"Négocier plutôt que bloquer": pourquoi le gouvernement ne veut pas interdire le rachat du Doliprane

Négocier plutôt que bloquer. C'est la stratégie du gouvernement concernant le rachat par le fonds d'investissement américain CD&R de la filiale Opella de Sanofi qui produit entre autres le Doliprane en France.
Alors qu'en pleine crise sanitaire, Bercy avait naguère opposé son veto à la prise de contrôle de Carrefour par le canadien Couche-Tard pour des raisons de "souveraineté alimentaire", cette fois la stratégie est différente.
Les ministres de l'Economie et de l'Industrie qui sont allés ce lundi matin à la rencontre des salariés de l'usine Opella de Lisieux n'ont pas souhaité pour le moment (et malgré les pressions politiques nombreuses) refuser l'opération comme le permet le Code monétaire et financier concernant la prise de contrôle d'activités sensibles comme la protection de la santé publique.
Alors qu'en 2021 lors du rapporhcement Carrefour/Couche-Tard, après des mois de pénuries de masques et autres gels hydroalcoolique, la priorité de gouvernement était sensible à la question de la souveraineté, c'est désormais l'investissement étranger qui est privilégié.

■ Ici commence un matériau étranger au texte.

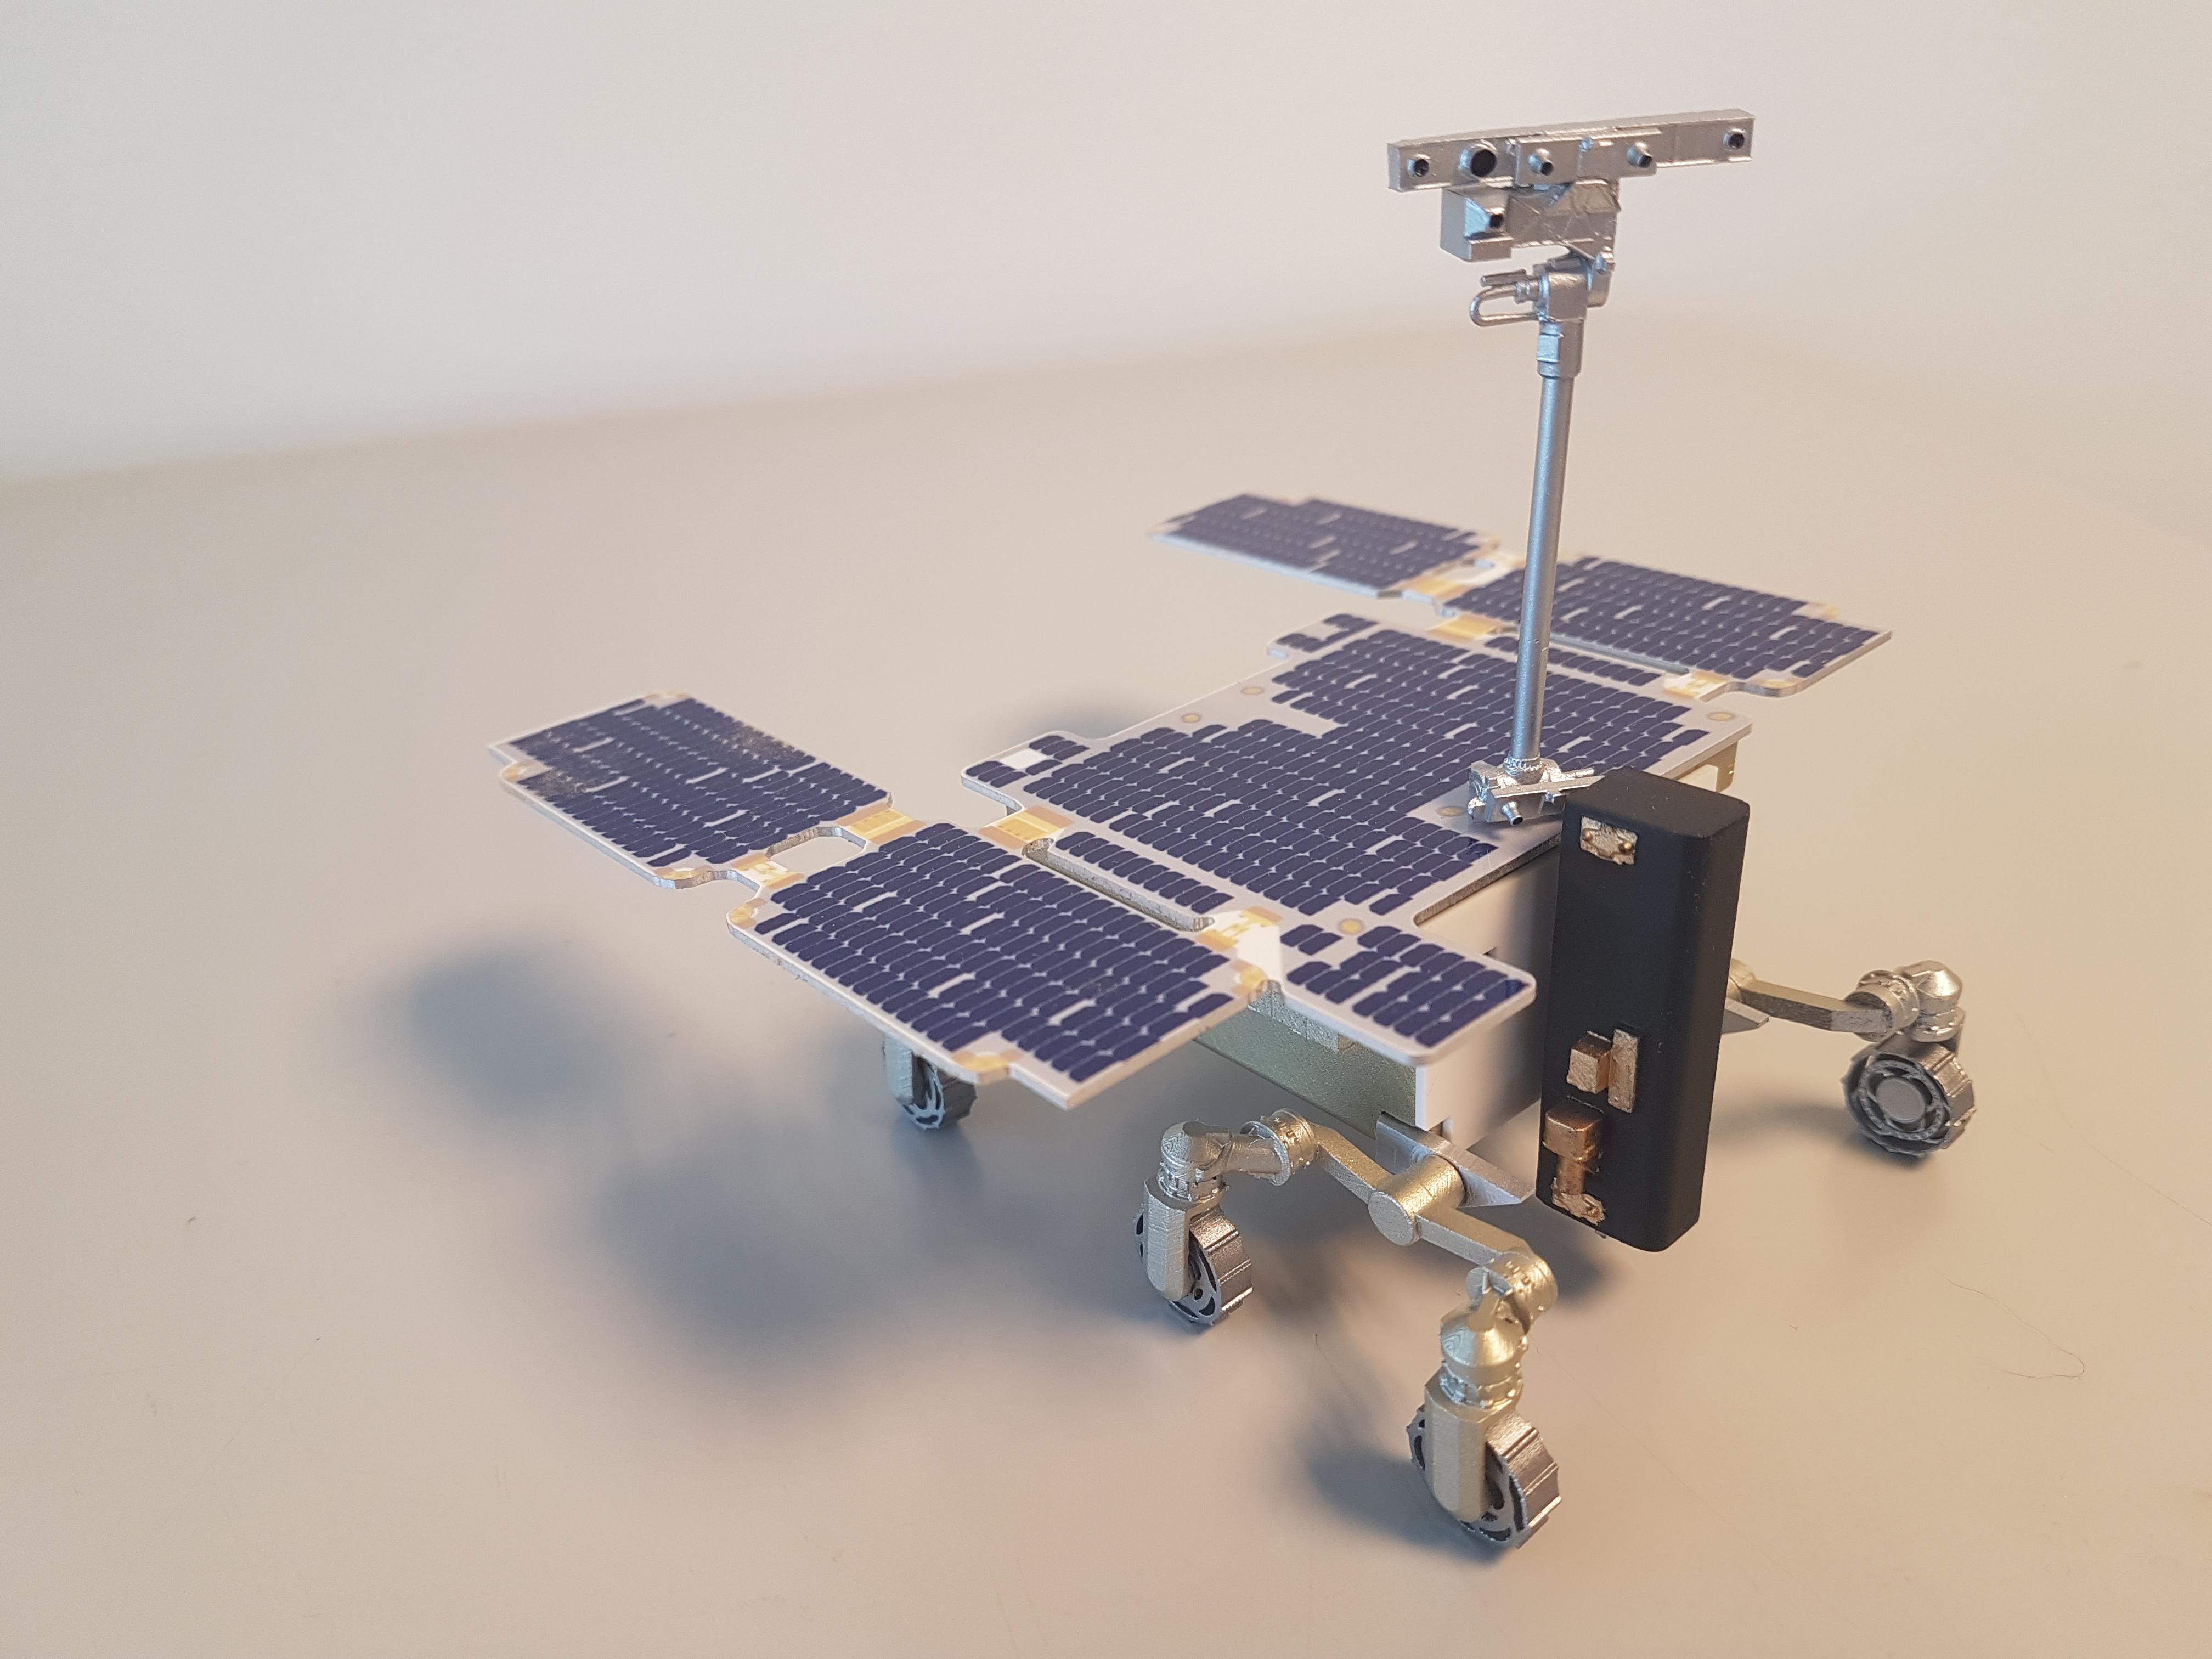 Exomars Rover 1:20 space model 3D printed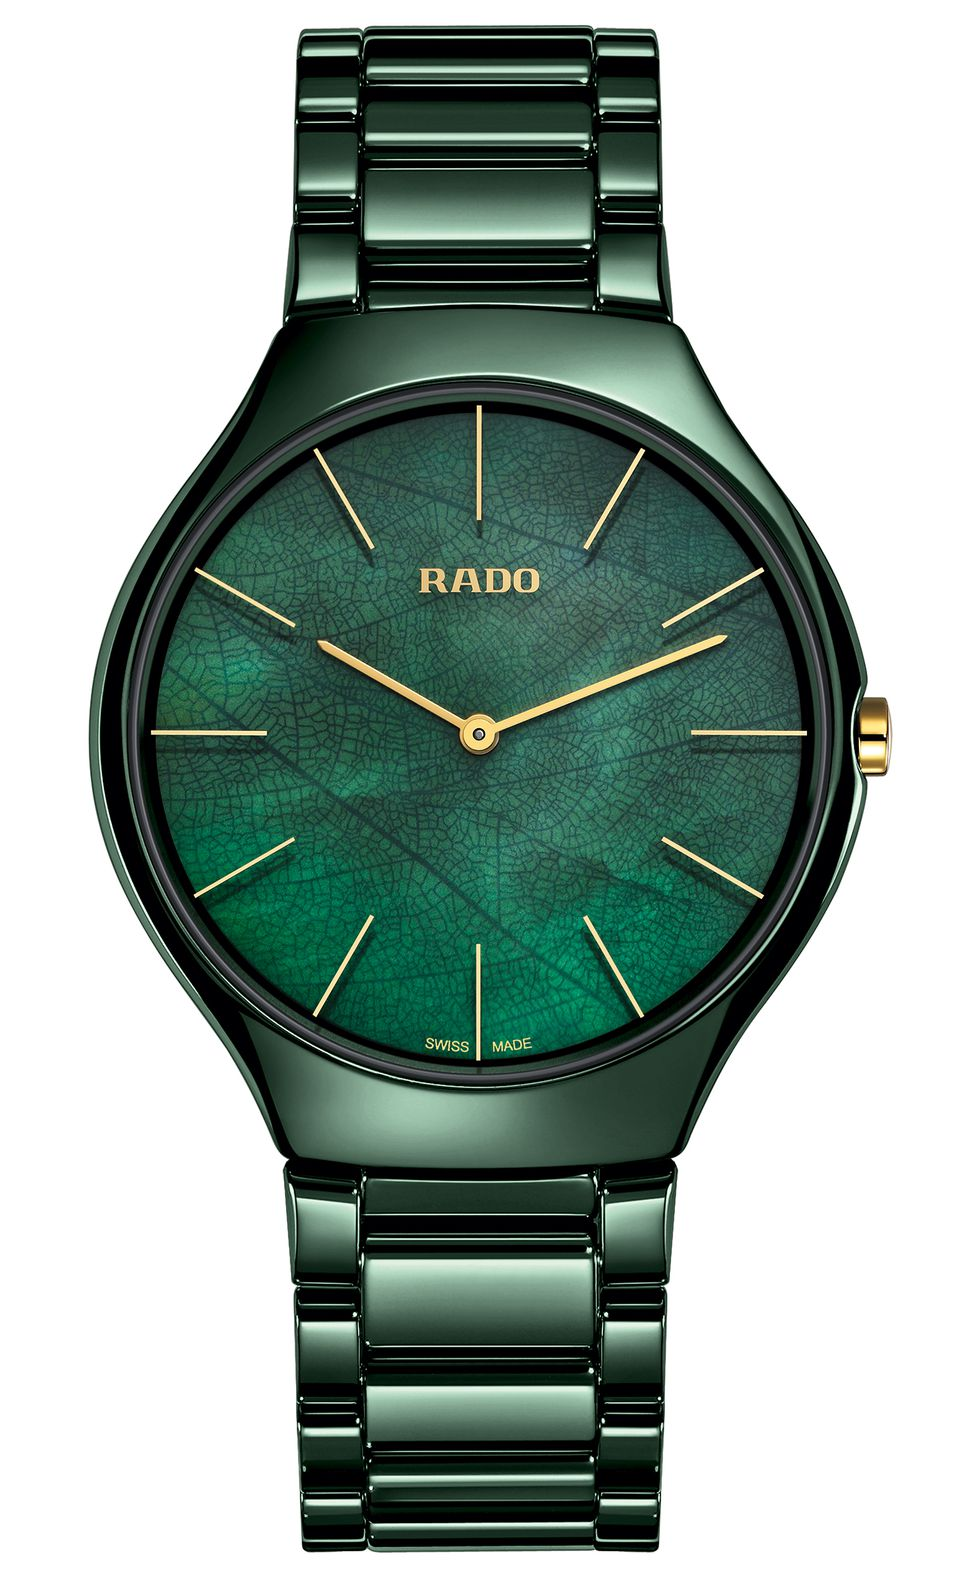 f1911370e تم استلهام مجموعة True Thinline Nature من رادو من خلال شراكة صانع الساعات  مع غراندي جيارديني إيطالياني ، وهي جمعية تضم شركات الرئيسية في إيطاليا  ومالطا .

"La France n’est pas fermée aux investisseurs étrangers, au contraire, assure-t-on du côté de Bercy. Mais ça ne signifie pas qu’on n’a pas des engagements très précis."
Les quatre engagements réclamés par Bercy
Il ne s'agit donc pas d'un blanc-seing. En parallèle des négociations financières entre Sanofi et CD&R, le ministère de l'Economie discute d'engagements spécifiques auxquels devront se soumettre les deux actionnaires pour valider l'opération.
"Si cession il devait y avoir [...] nous demanderons des conditions extrêmement précises, fortes et intangibles sur la suite", a assuré le ministre de l'Economie Antoine Armand ce lundi matin depuis le site industriel de Lisieux.
En plus des conditions légales concernant les investissements étrangers en France (IEF), l'Etat négocie la signature d'un accord tripartite pour assurer la pérénité de l'activité en France et de maintien de l'emploi local.
Des engagements de quatre ordres: d'abord sur la gouvernance avec la localisation du siège d'Opella en France ainsi que des organes de décision. Puis sur le maintien de l'empreinte économique d'Opella en France (usines, investissements et recherche). L'Etat souhaite aussi que les parties s'engagent à s'approvisionner en France pour les molécules essentielles qui entrent dans les productions d'Opella. Enfin Bercy veut s'assurer que l'acquéreur continuera à soutenir la relocalisation de la production de la molécule de paracétamol. Sanofi s'était en effet engagé à se fournir auprès du chimiste français Seqens qui a investi 100 millions d'euros en 2021 pour produire la molécule sur son site de Roussillon (Isère).
Le gouvernement se veut optimiste sur l'issue de ces négociations. Les engagement aurait été acceptés, assure Bercy, lors des discussions informelles entre les parties.
"Cet accord aura lieu si le projet de cession arrive sur la table, indique le ministre. Ces garanties devront être respectées et nous nous assurerons qu'elles le seront en mobilisant tous les outils législatifs et règlementaires à notre disposition, y compris des pénalités et des sanctions."
Reste à savoir quelles seraient ces éventuelles sanctions si les engagements venaient à ne pas être respectés. Elles font l'objet des négociations de l'accord tripartite. Bercy précise qu'elles seraient essentiellement financières, sans donner plus de détail.
Pour rappel, lors d'un précédent, General Electric (GE), qui s'était engagé à créer un millier d'emplois nets en France après avoir acquis la branche énergie d'Alstom en 2015, s'était vu infliger une sanction financière de 50 millions d'euros quatre ans plus tard pour n'avoir créer que 28 emplois. L'activité est finalement "revenue" en France cette année avec le rachat de la branche nucléaire par EDF.